== Recorded data ==

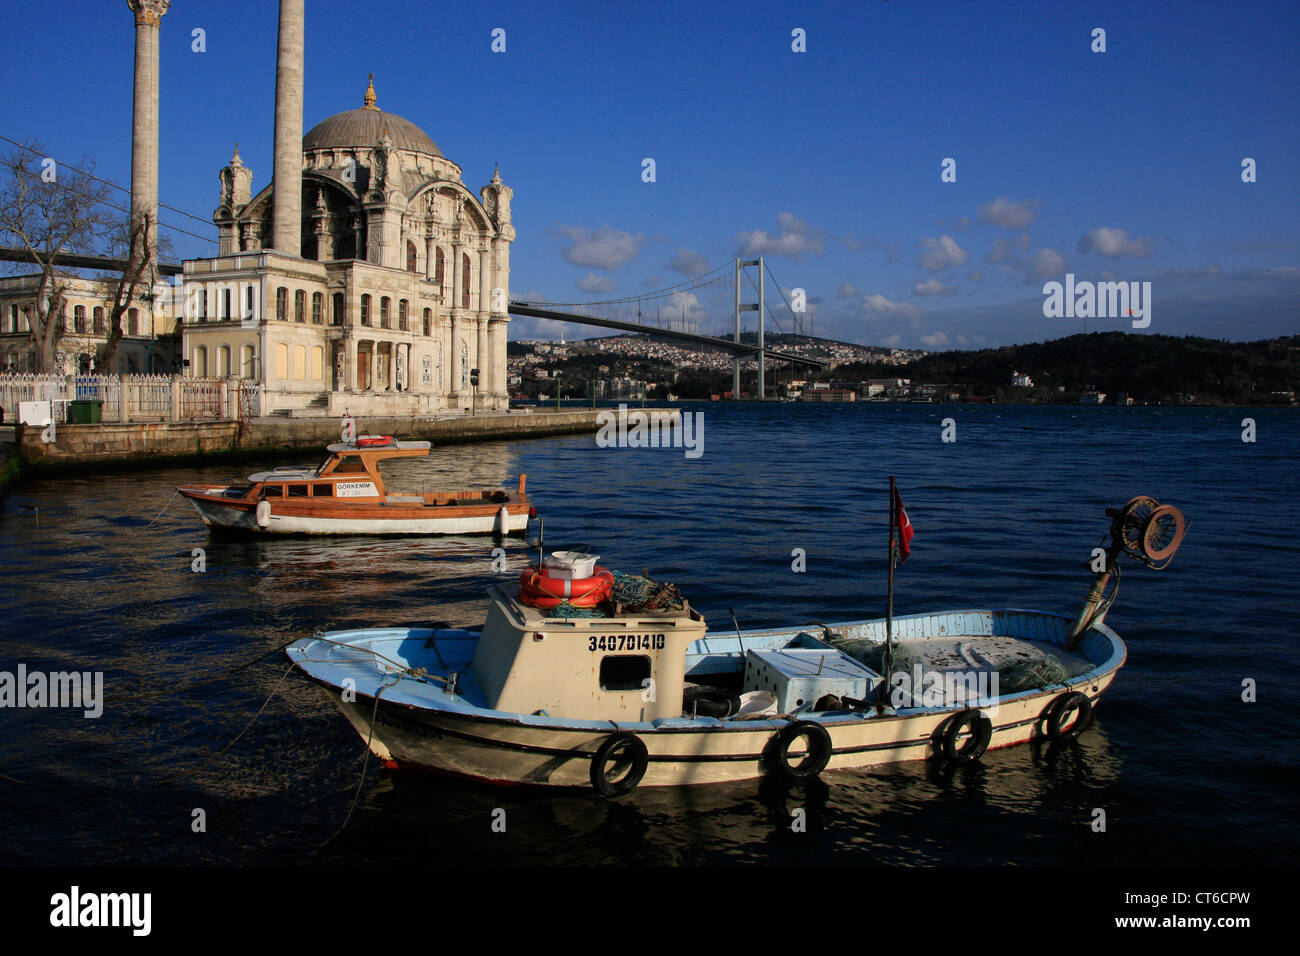 La Moschea Ortakoy e il Ponte sul Bosforo, Besiktas, Istanbul, Turchia Foto Stock
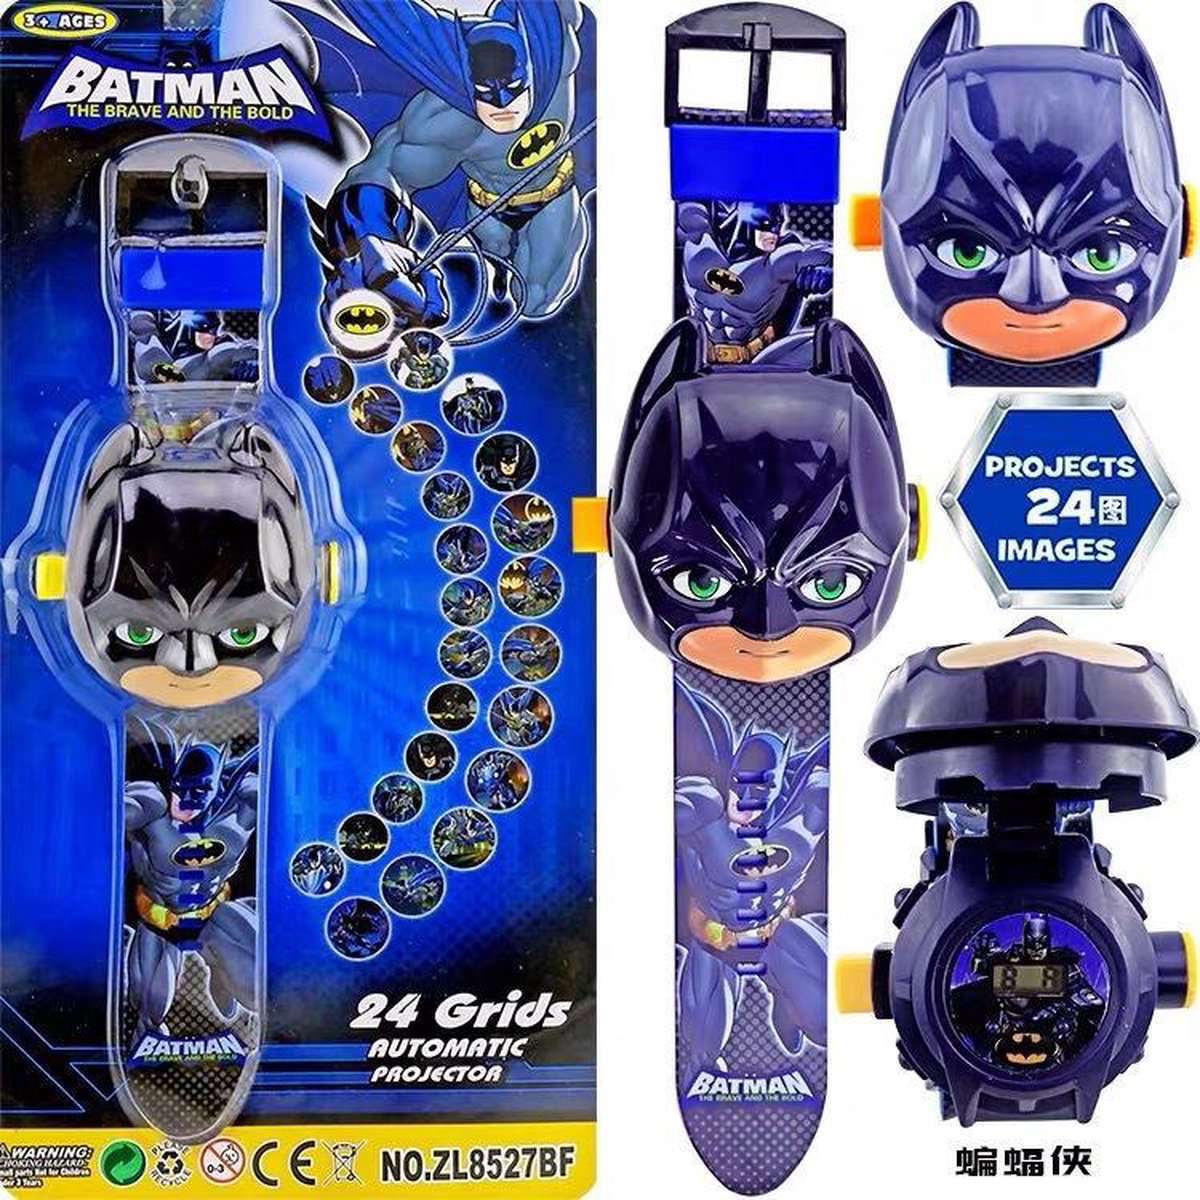 Batman horloge - Batman projector horloge - Digitale Batman horloge - Speelgoed horloge
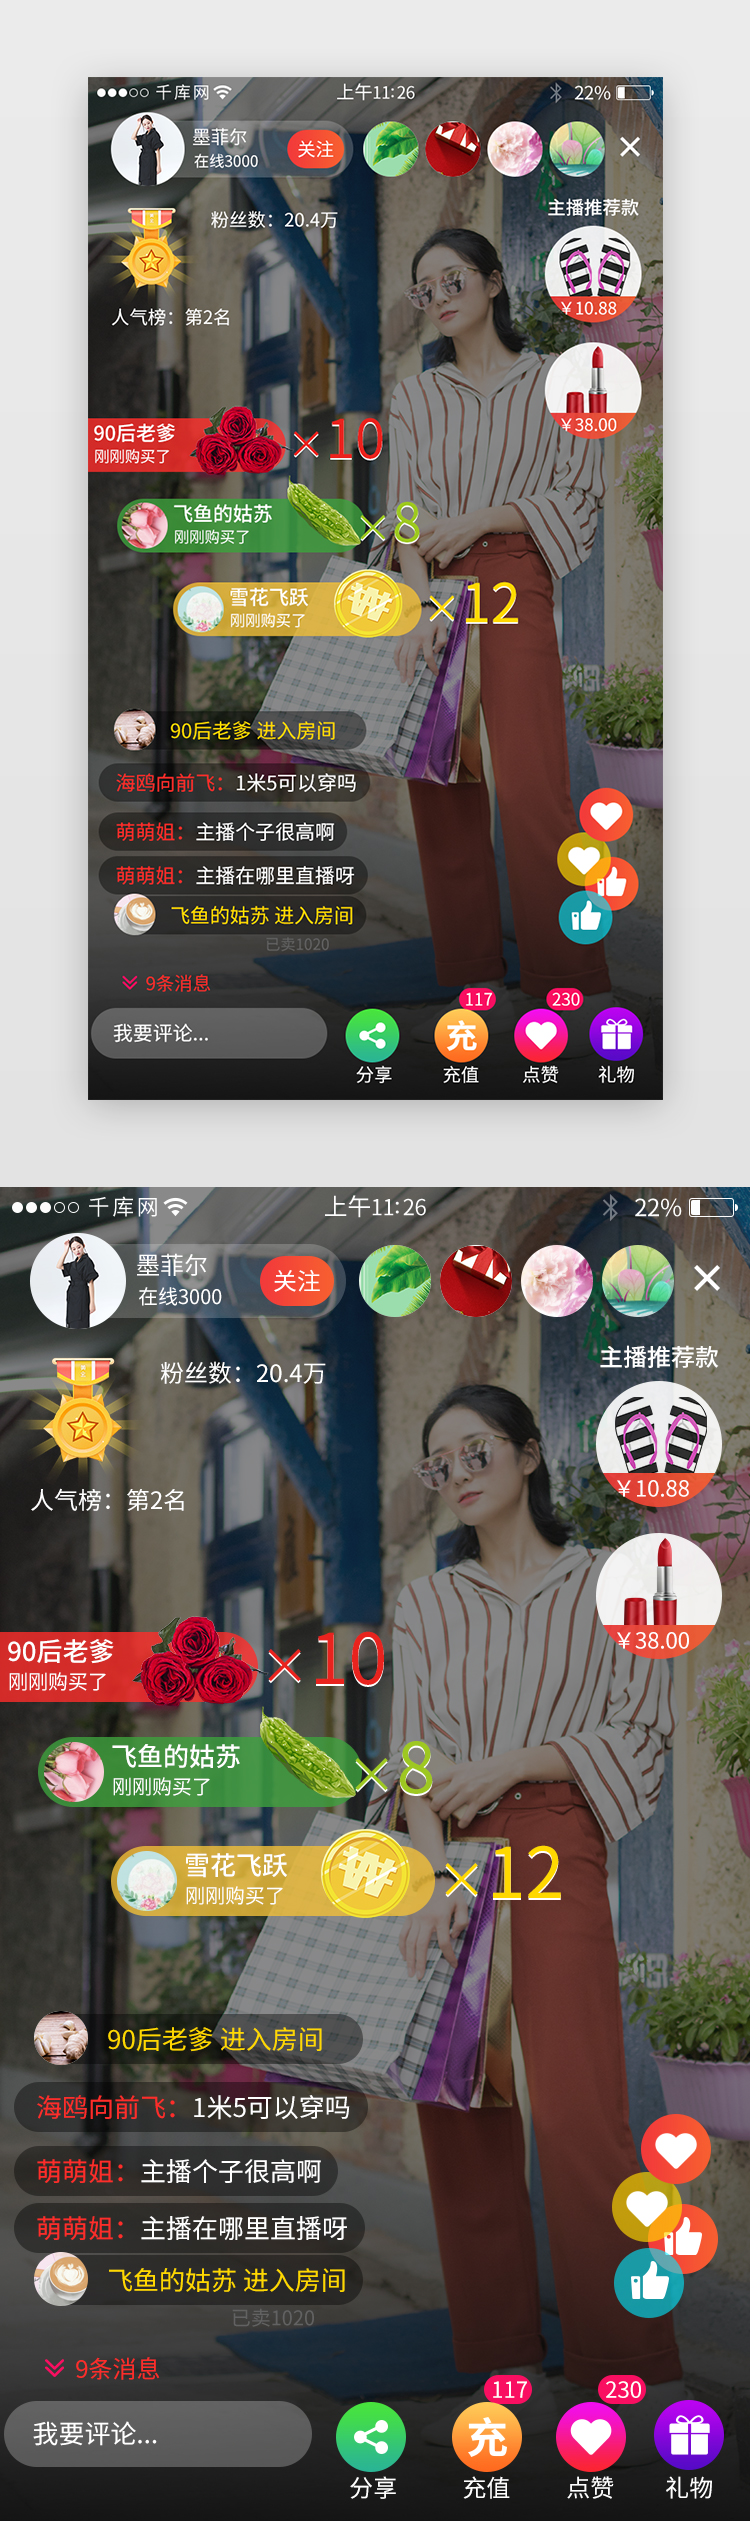 红色系短视频app界面模板图片
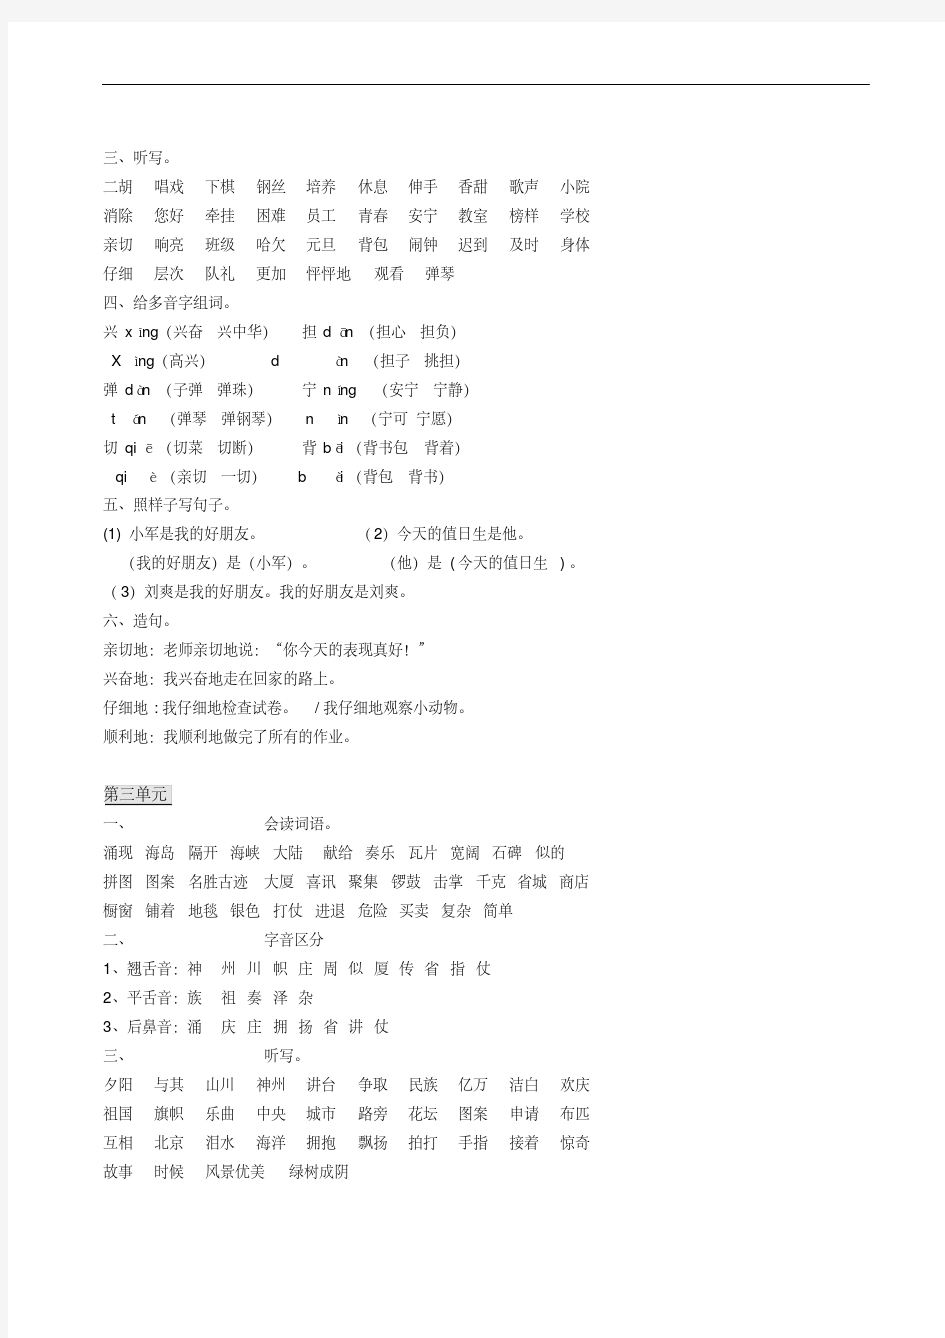 上海小学语文二年级上册复习资料总

===

→ **The problem**
Reproduce the data exactly, please, and omit its pictures.

→ **Reply to the exercise**
 La Moschea Ortakoy e il Ponte sul Bosforo, Besiktas, Istanbul, Turchia Foto Stock
 Batman horloge - Batman projector horloge - Digitale Batman horloge - Speelgoed horloge
 红色系短视频app界面模板图片
 上海小学语文二年级上册复习资料总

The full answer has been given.